One organization that demands a belief is the Boy Scouts of America. They took a case to the California Supreme Court to exclude two aspiring Eagle Scouts. The naive young men thought the BSA really meant that part about being honest. Thus, they refused to acknowledge a belief they didn’t have.
It needn’t have been a problem. Neither the scouts nor any other organization will admit it officially, but every doubter has been told that all a person has to do is say he believes. The aspiring Eagle Scouts could have made up a god and it would have worked just fine for the BSA--if not for their own sense of honor.

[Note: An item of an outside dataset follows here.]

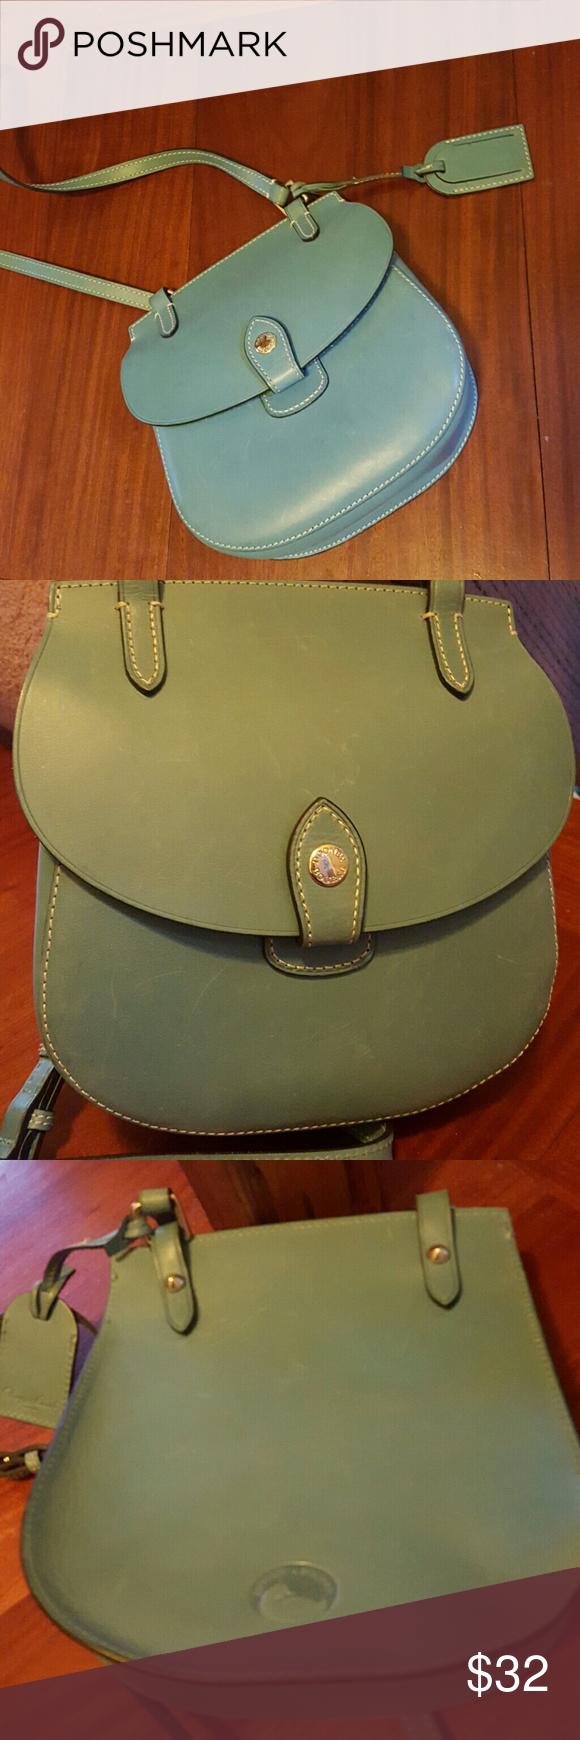 Dooney and Bourke Purse Light Blue dooney and bourke purse Dooney & Bourke Bags Crossbody Bags

Alcoholics, who often see things that aren’t there, are encouraged by Alcoholics Anonymous to fight their delusions except when it comes to a god. Seen or unseen, he must be used to help them battle something they are told they are otherwise helpless to fight. If an alcoholic doesn’t have a god he can make one up on the spot. Nobody would question it. AA even uses a euphemism, “higher power,” to make it easy.
What about those who lead our country? They all have a god, or say they do. You’ll not find an admitted atheist among the 435 members of the house, 100 members of the senate, or nine members of the Supreme Court. Of course some don’t appear very religious. Given the eager acceptance of even an ill defined god, it’s easy to make one up. Rep. Sam Rayburn, long time house majority leader from Texas, could have been thinking of religion when he said “To get along, go along.”
And the big guys themselves, how about them? Just this past year, both of our presidential candidates wooed the electorate with repeated expressions of their own piety. Al Gore claimed to follow the faddish mantra of today’s pious youth with “What Would Jesus Do?” The nice thing about a religious mantra is that unlike his purported statement that he had created the Internet, WWJD wasn’t questioned. When ya proclaim a belief in god you need prove nothing! That makes it easy to get along and go along.
Did Al Gore make up his own god? Nobody asked the fellow who is sometimes called one of the most scientifically astute politicians of our time. It would have seemed such a natural question too.
Turned out though that Gore, and possibly Jesus, didn’t do well in the election. He either came in second or close enough so that they gave it to the other guy. For some reason he didn’t ask Jesus to share responsibility for his defeat. God is blameless no matter what. He was made that way.
George Bush, the other guy, goes even further. He conquered alcohol, temptation, and possibly some drugs he won’t mention, all with the help of god. He never misses an opportunity to tell us of his devotion to the god (or son of god, representative of god, lamb of god: take your pick) he once called a great philosopher.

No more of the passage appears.